In the News
Travel Advisory: Women Legally Required to Breastfeed Adult Males in Saudi Arabia
Tourism in Saudi Arabia is expected to grow since it’s been revealed that Saudi clerics advocate adult breastfeeding — that is, men drinking women’s breast milk to establish “maternal relations.”
Couldn’t they just establish “maternal relations” by having women wipe dirt from their faces with Mom Spit or have the women admonish them with a proper motherly phrase such as, “Because I said so!”?
I guess I should offer those brilliant ideas to Sheikh Al Obeikan, an adviser to the royal court and consultant to the Ministry of Justice, who set off this debate recently when he said on TV that women who come into regular contact with men who aren’t related to them ought to give them their breast milk so they will be considered relatives.
I don’t mean to be disrespectful, but I think somebody needs to give the sheik a lesson in how lactation works. One important fact: It doesn’t always work.

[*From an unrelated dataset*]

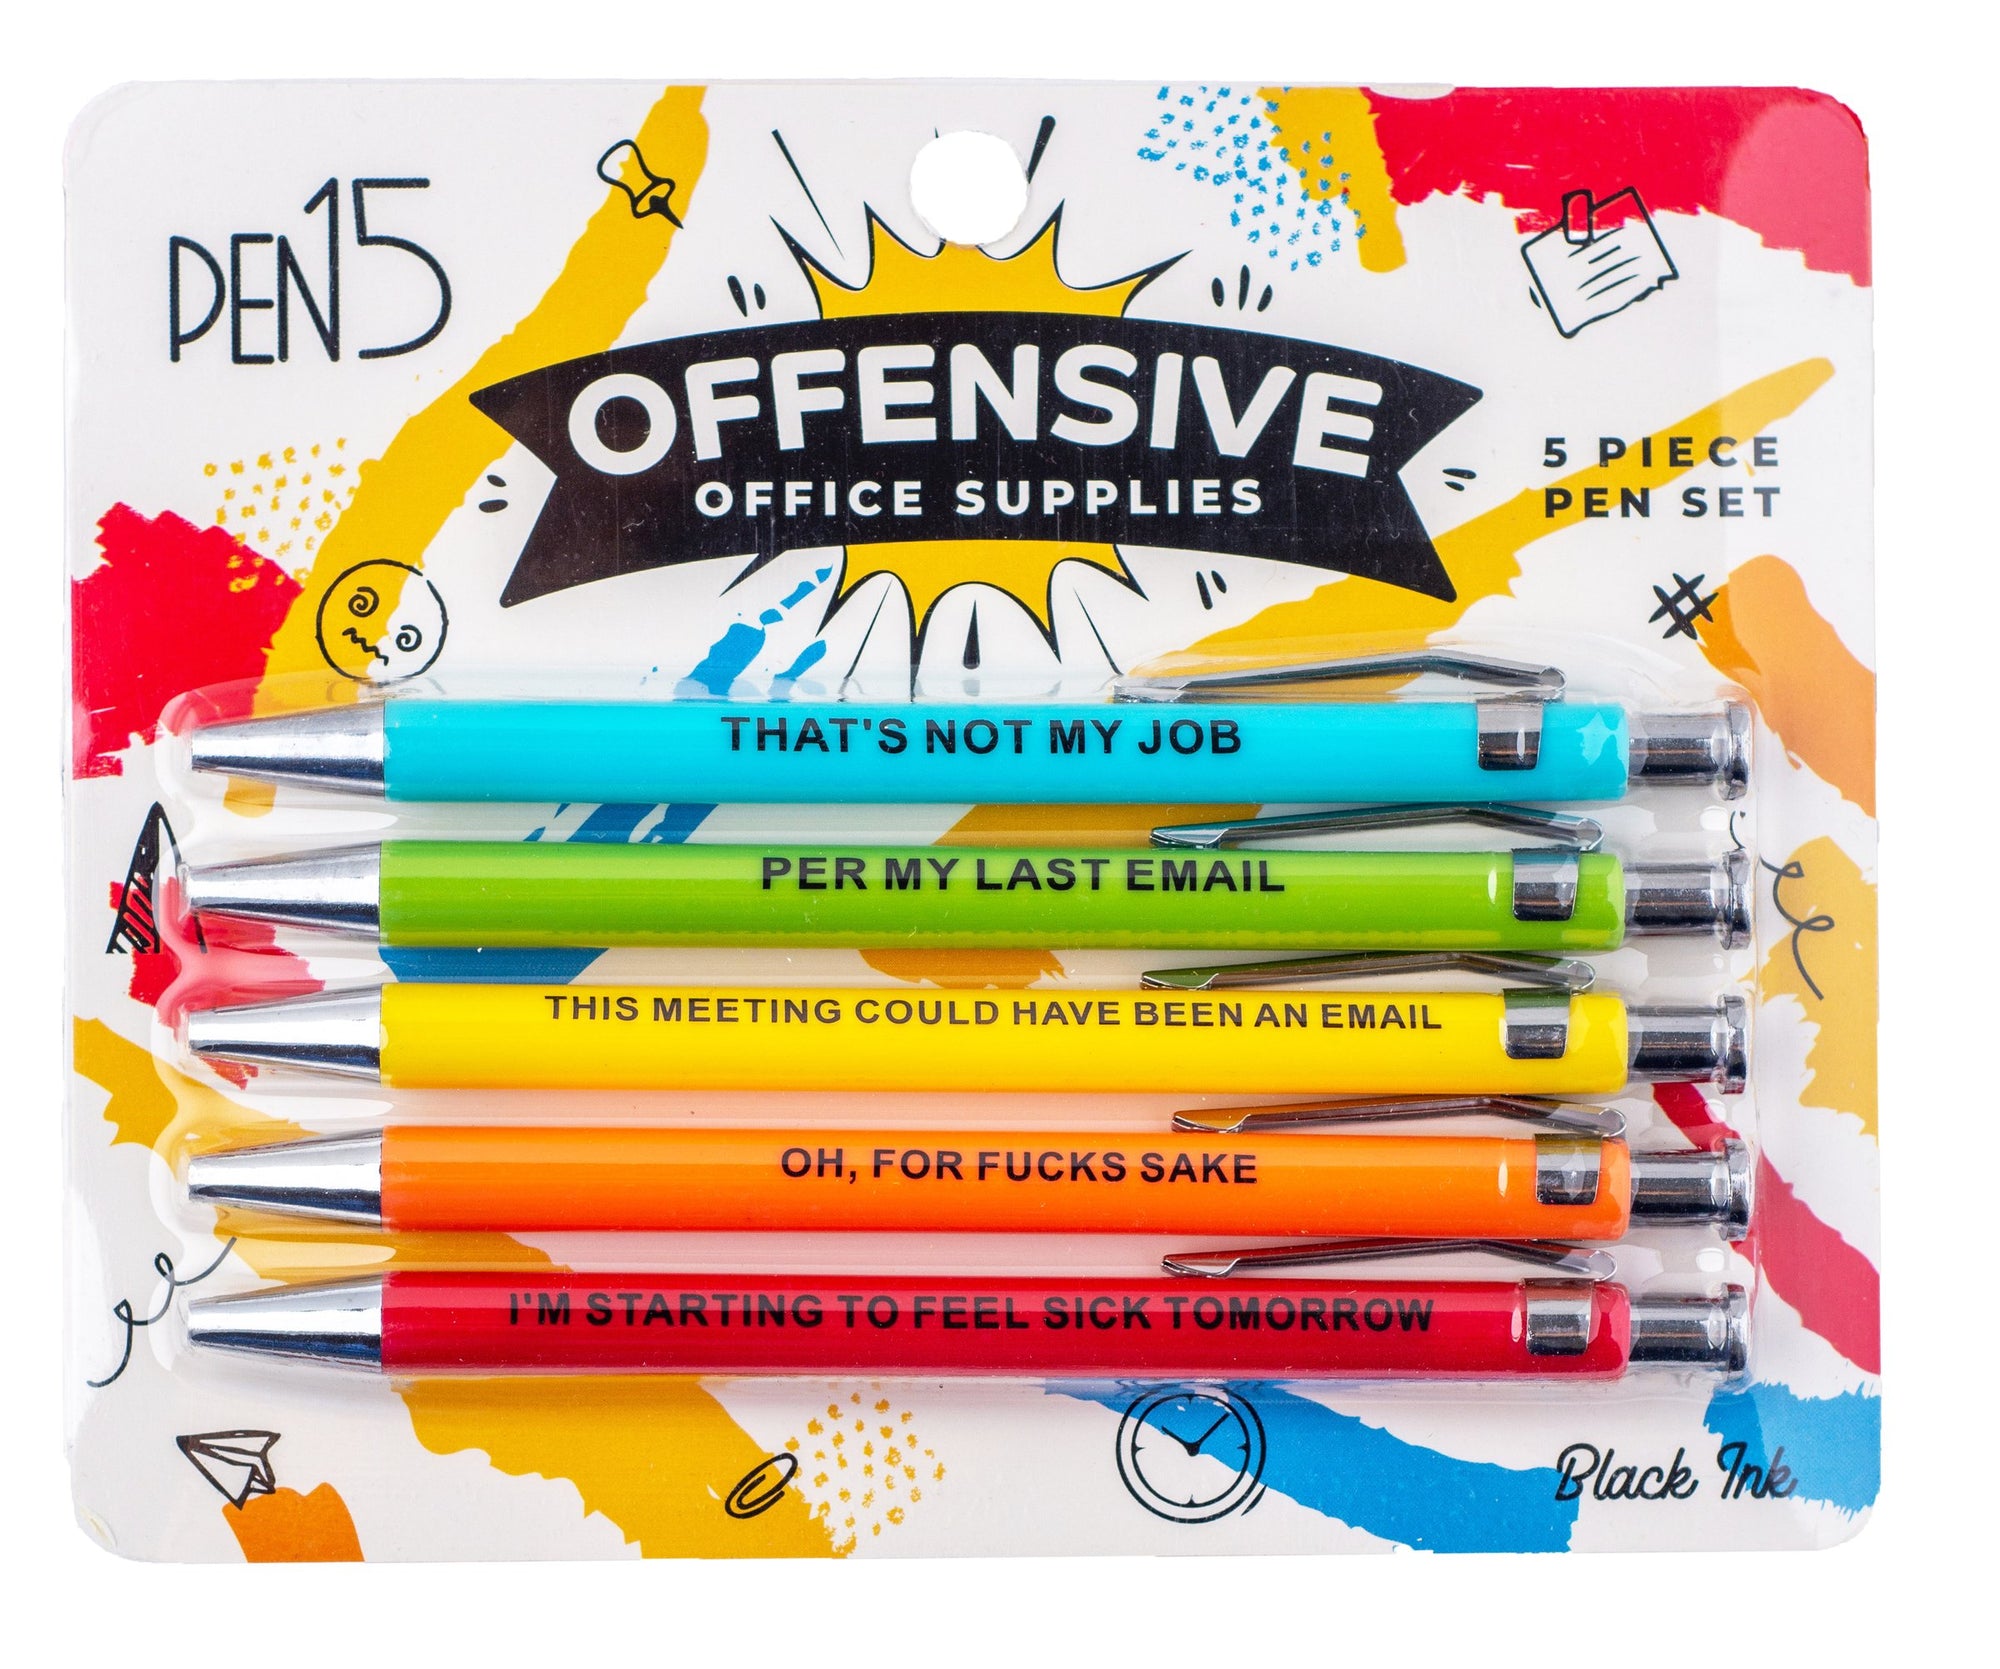 Offensive Crayons - Dicks By Mail - Anonymously mail a bag of dicks

“The man should take the milk, but not directly from the breast of the woman,” Al Obeikan said, according to Gulf News. “He should drink it and then becomes a relative of the family, a fact that allows him to come in contact with the women without breaking Islam’s rules about mixing.”
Obeikan said the fatwa applied to men who live in the same house or come into contact with women on a regular basis, except for drivers.
Al Obeikan, who made the statement after being asked about a 2007 fatwa issued by an Egyptian scholar about adult breast-feeding, said that the breast milk ought to be pumped out and given to men in a glass.
However, his remarks were followed by an announcement by another high-profile sheik, Abi Ishaq Al Huwaini, who said that men should suckle the breast milk directly from a woman’s breast. Oh no. No, no, no, no, no.
Surprise, surprise: Shortly after the two sheiks weighed in on the matter, a bus driver in the country’s Eastern Region reportedly told one of the female teachers whom he drives regularly that he wanted to suckle milk from her breast. The teacher has threatened to file a lawsuit against him.
Under Islamic law, women are encouraged to nurse their children until the age of 2. It is common for sisters, for example, to breast-feed their nephews so they will not have to cover their faces in front of them later in life. The custom is called being a “breast milk sibling.” Breast milk siblings have to be breastfed before the age of 2 in five “fulfilling” sessions. Islam prohibits sexual relations between a man and any woman who breastfed him in infancy. They are then allowed to be alone together when the man is an adult because he is not considered a potential mate.
I can only imagine the cringe-worthy pick-up lines this news will encourage among male tourists.